After putting together all the necessary data, you can start answering questions through statistical analysis. Managers and executives are typically short on time so there is no point in showing them complicated statistical models. To ensure strategic impact, be certain to focus on key business issues and to translate all results into actionable solutions.
At level 3, you are part of the top 14%. Only 4% of organizations have a higher HR analytics maturity level. Your organization has surpassed operational and proactive reporting and has succeeded in introducing more advanced analytics! On top of that, your organization uses (statistical) modeling to solve business problems and, based on the data, is even able to predict the future!
As an HR professional working with HR analytics at maturity level 3, you can add tangible value to the organization by proactively identifying issues and recommending actionable solutions.
How to reach level 4
Level 4 is characterized by predictive analytics. Predictive analytics enables organizations to make even better decisions by showing their potential impact. In addition, it will be possible to engage in scenario planning by forecasting what is likely to happen in the future. This allows organizations to mitigate risks more effectively and thus engage in strategic workforce planning: By utilizing predictive analytics, it’s possible to tell how the workforce will develop, where leadership succession will be jeopardized and which position the organization will need to fill in the near future.
To make analytics predictive and to move to level 4, you will probably have to add additional analytical capabilities to your team. At level, it’s likely that you have a dedicated data scientist sifting through your people data. As predictive modeling goes beyond simple data analysis, you will begin to use tools that require more programming knowledge.
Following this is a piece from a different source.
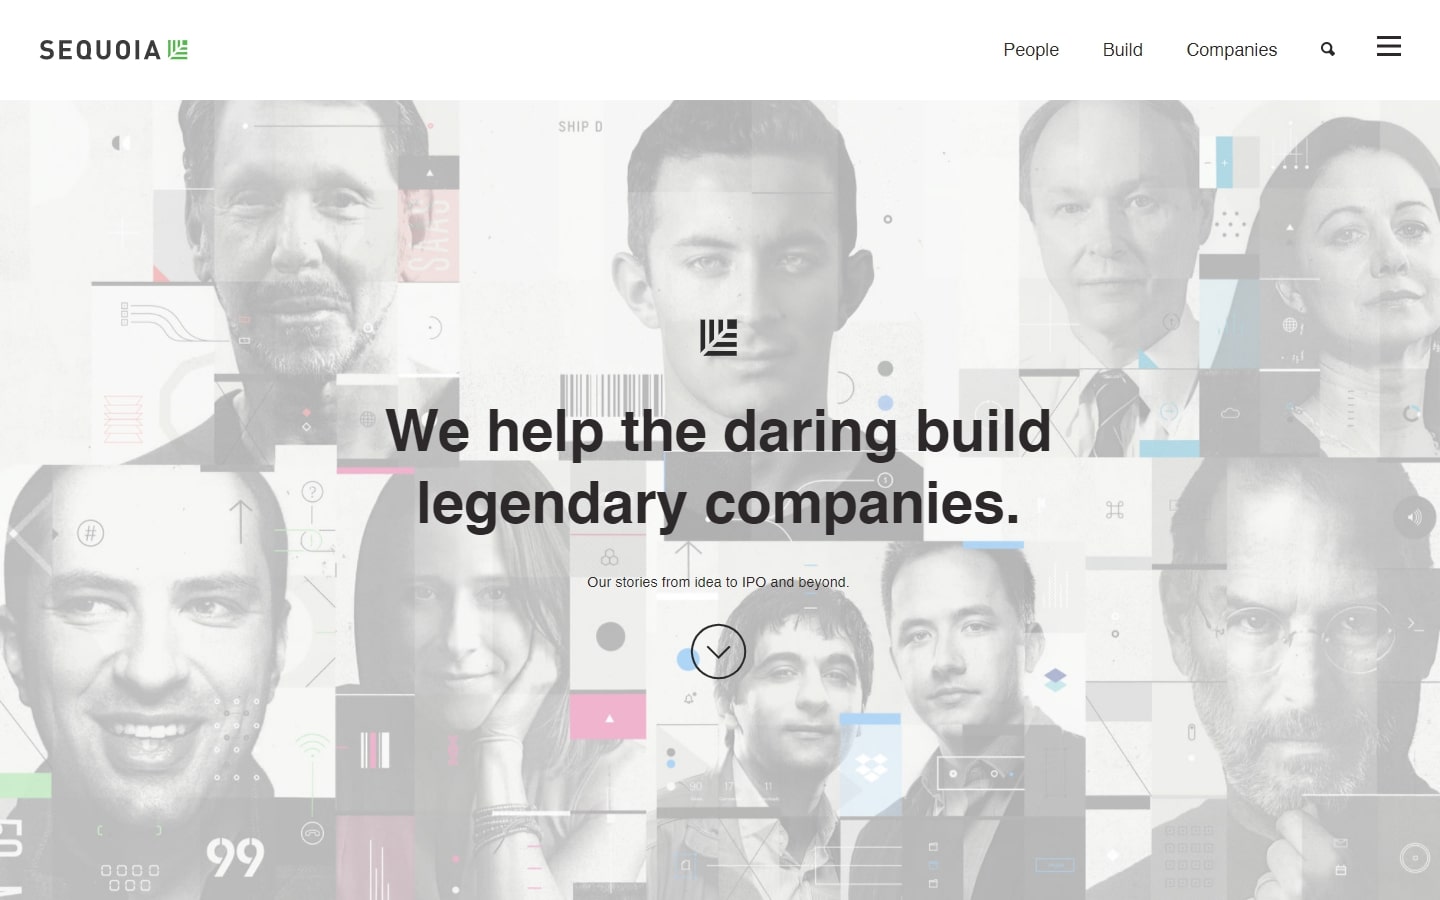 Venture Capital Website

An example of this is R, an open-source system for statistical computation and visualization.
At level 4, you are part of the top 4% of organizations.
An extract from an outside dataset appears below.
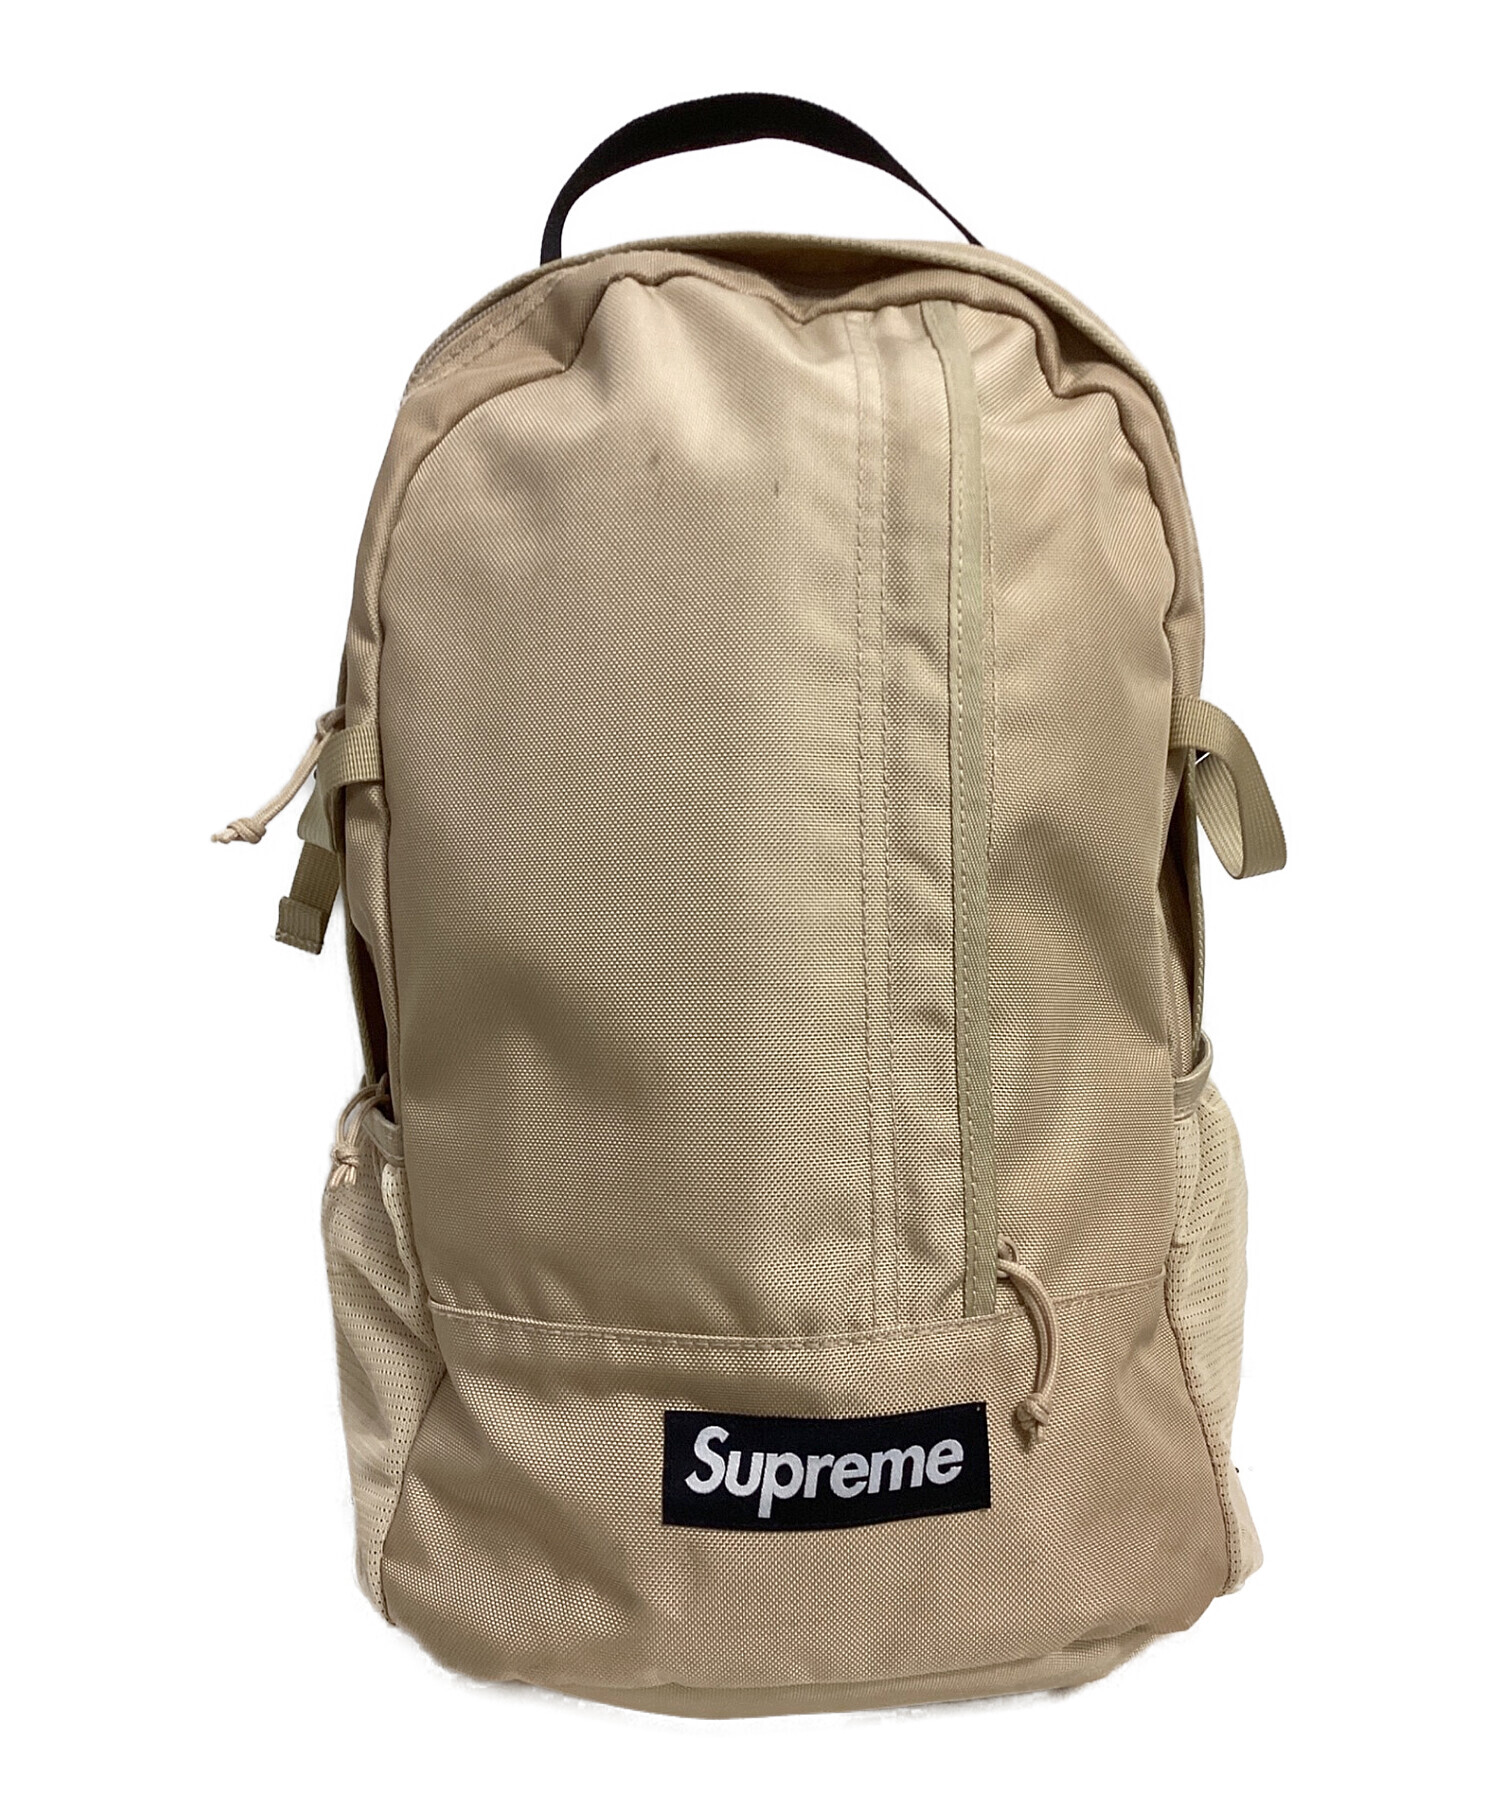 supreme 18ss backpack

You are no longer surprised by the feats of HR analytics, because you’ve seen most of them already. HR plays a major role in your company’s strategic decision-making; it is aware of the impact of people policies and actively uses predictive models. In fact, HR is entirely capable of playing a fully strategic role within the company. Level 4 organizations are therefore more likely to have a Chief Human Resources Officer (CHRO) in their Board of Directors, or have a people analytics center of excellence that directly reports to the CEO.